Torsten Volk is Managing Research Director (Artificial Intelligence, Machine Learning, DevOps, Containers, and FaaS) with Enterprise Management Associates (EMA), a leading industry analyst and consulting firm that specializes in going “beyond the surface” to provide deep insight across the full spectrum of IT and data management technologies. Currently, his research interests evolve around cloud native applications and machine learning, with a special focus on observability, compliance, and generative AI.


Prologue: Cautionary tales from the field

At the KubeCon 2023 conference in Chicago, I encountered startling stories highlighting a critical challenge in cloud native environments — the surging costs of observability.

A platform engineer enjoying his lunch at my table shared a bewildering experience: “Our DataDog bill skyrocketed from a steady $3,000 to $17,000 monthly without any obvious reason. This dramatic increase was a wake-up call to the hidden complexities and unforeseen expenses in our monitoring strategies.” 

These instances of surging observability bills are increasingly common with the proliferation of cloud native distributed applications. In fact, the pace of observability data growth is so extreme it can lead to observability costing more than the actual application environment.

Another participant chimed in with a similar tale: “Following a software update, we noticed a drastic cost increase. It turned out our development team, aiming for more efficient debugging, significantly amplified logging volume, not realizing the financial impact.” Repercussions from making changes go beyond negative financial impact. If developers are overly concerned about causing a data — and cost — spike they become hesitant to roll out new code.

Similar to my lunch conversations, during a panel discussion at KubeCon, a cloud architect shared an enlightening yet troubling story: “In an effort to enhance performance monitoring, our team integrated several new tracing tools into our microservices architecture. However, we didn’t anticipate the sheer volume of trace data these tools would generate. Within a month, our storage and data transfer costs had tripled, turning what was intended as a performance improvement initiative into a financial burden. This incident highlighted a critical oversight in our cost-management strategy and the need for a more balanced approach to tracing in cloud native environments.”

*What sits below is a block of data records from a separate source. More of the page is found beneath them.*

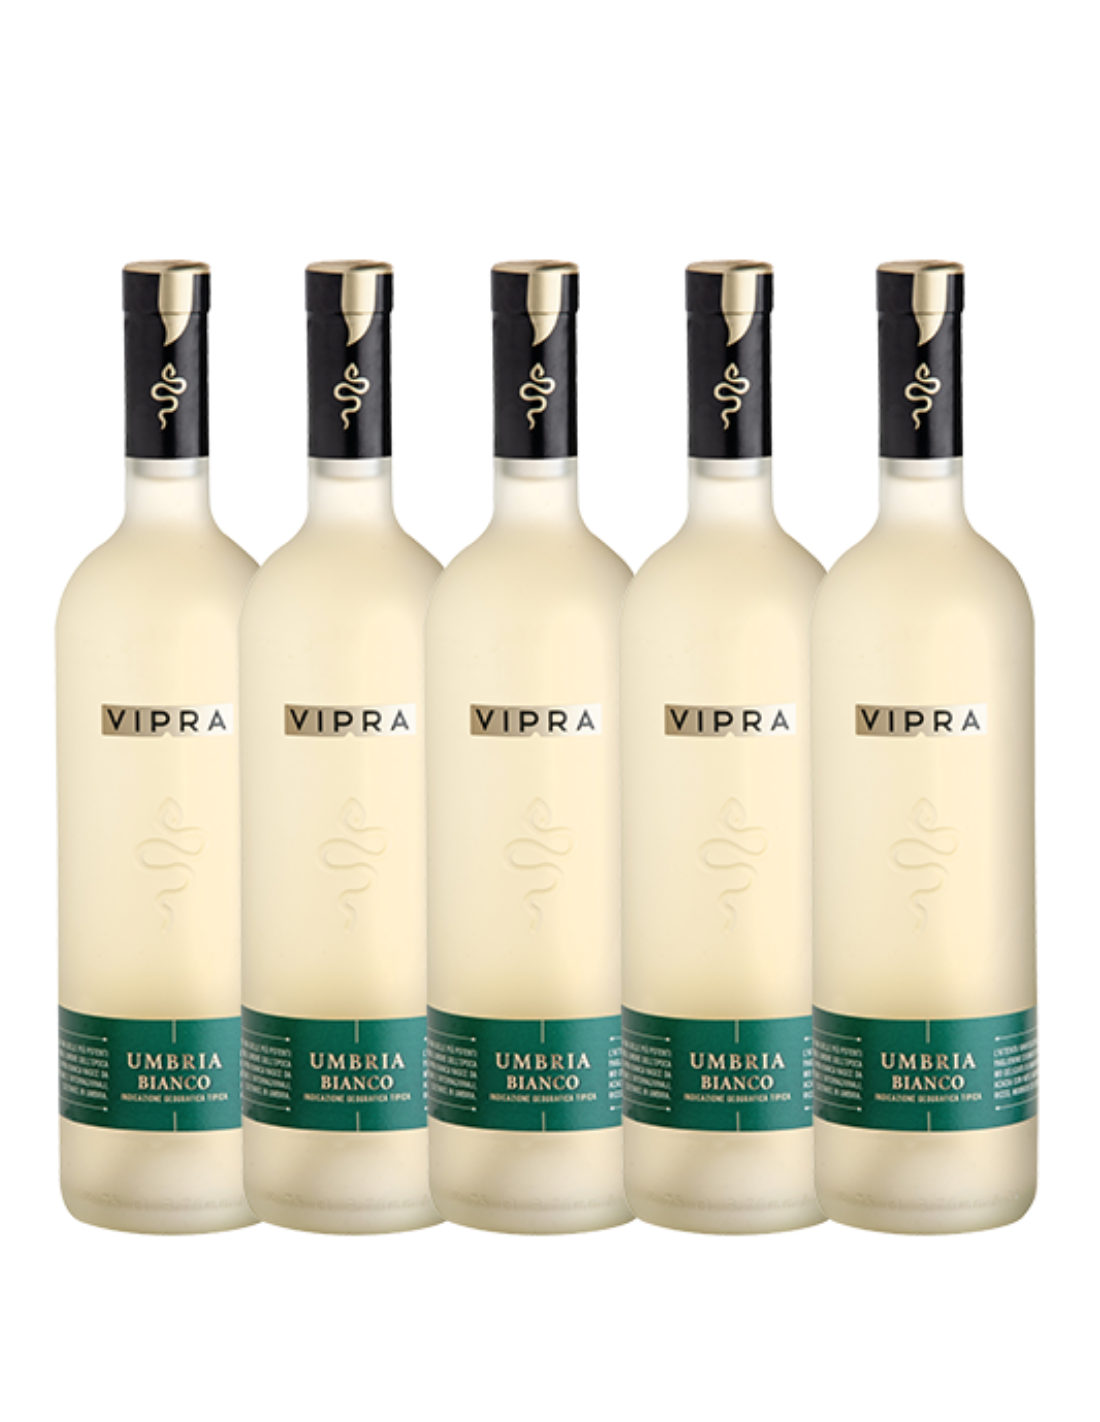 Pachet 5 sticle Vin alb Vipra Bianca Bigi Umbria, 0.75L, Italia alcooldiscount.ro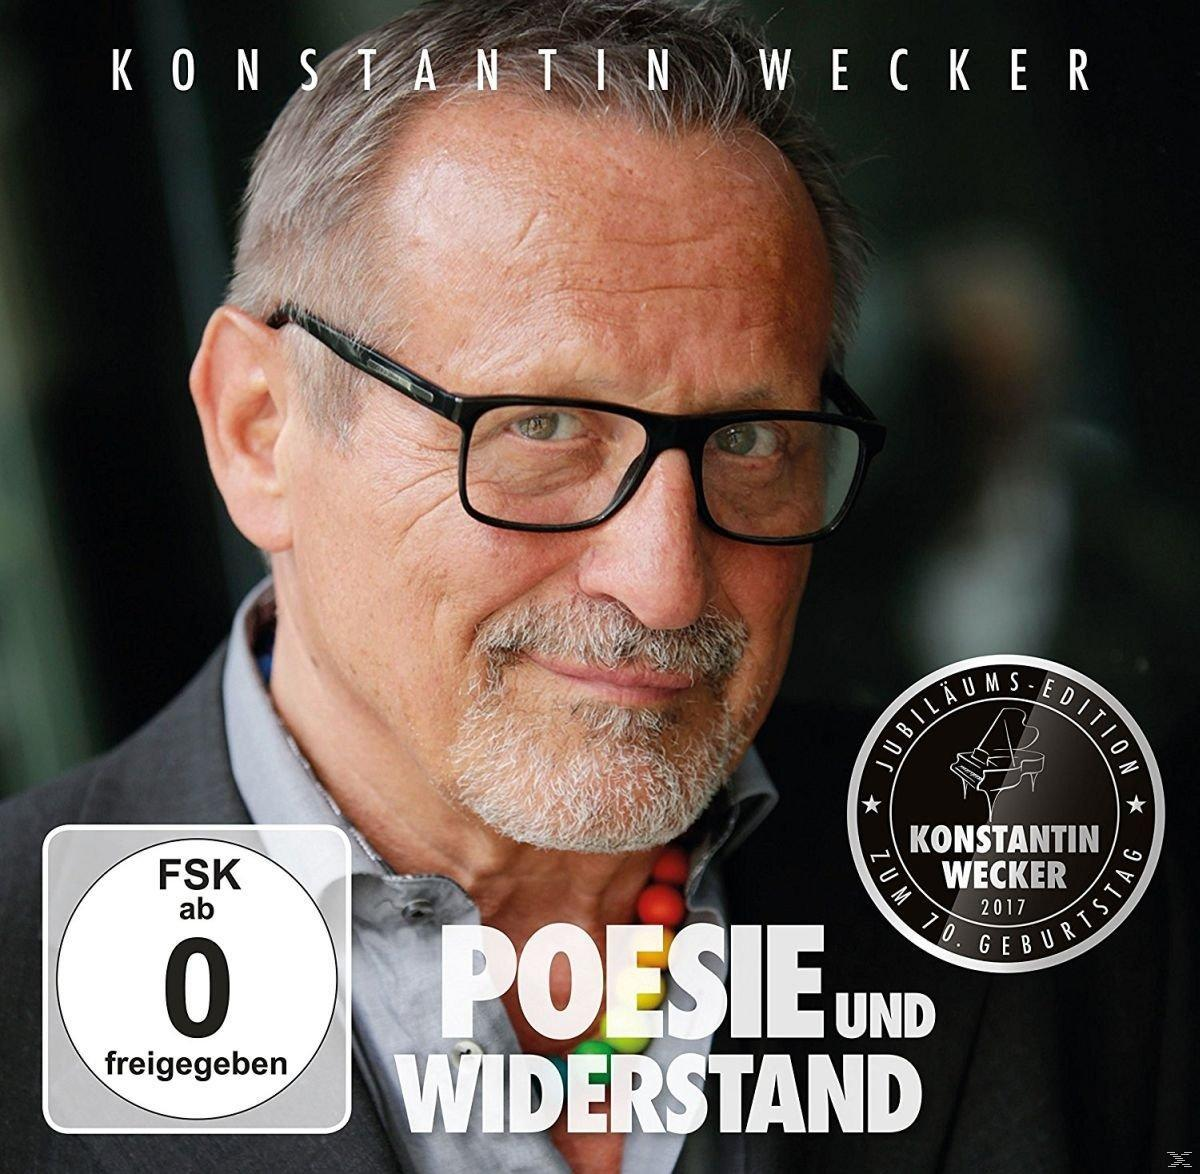 (limitie DVD) Widerstand Konstantin Poesie + - und - (CD Wecker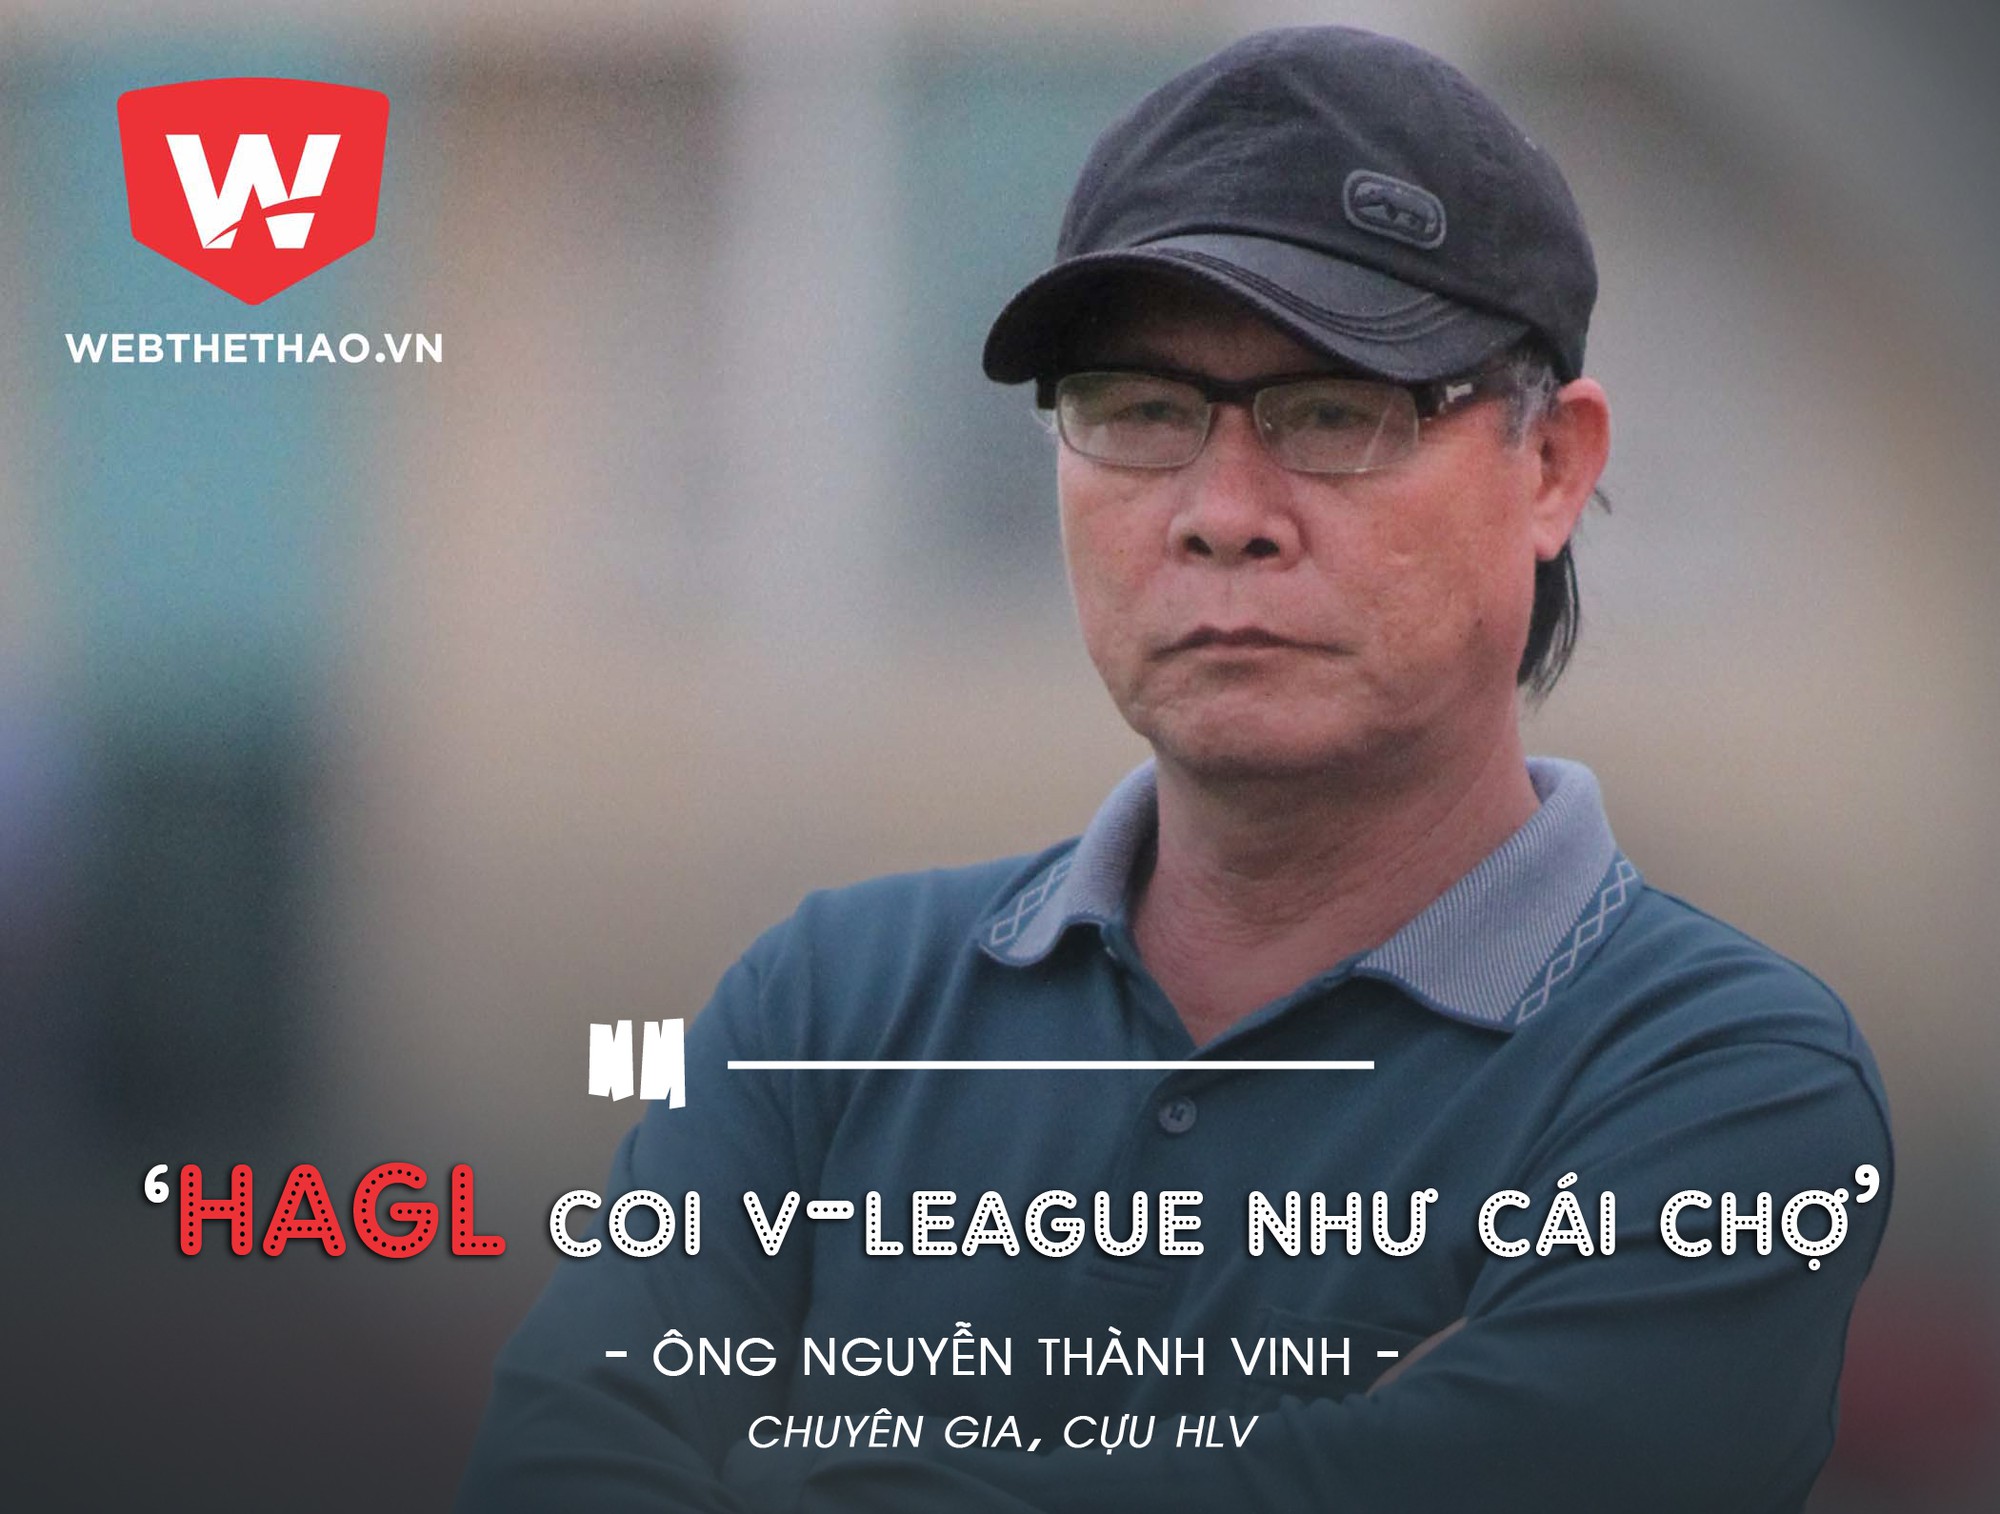 Chuyên gia Nguyễn Thành Vinh nói về việc nhiều thành viên CLB HAGL phản ứng thiếu sự chuyên nghiệp trong trận thua 2-3 trước FLC Thanh Hóa. Ảnh: Trung Thu.

These narratives I heard while at KubeCon underscore the ease with which organizations can encounter unexpected financial burdens in their pursuit of comprehensive observability in cloud native applications. In the world of distributed microservices applications, companies are able to quickly scale and adapt to customer demand. But as we’ve seen from the tales I shared above, complexity comes with that power. Realizing cloud native benefits requires a cloud native observability approach that provides visibility and insights into every layer of your stack.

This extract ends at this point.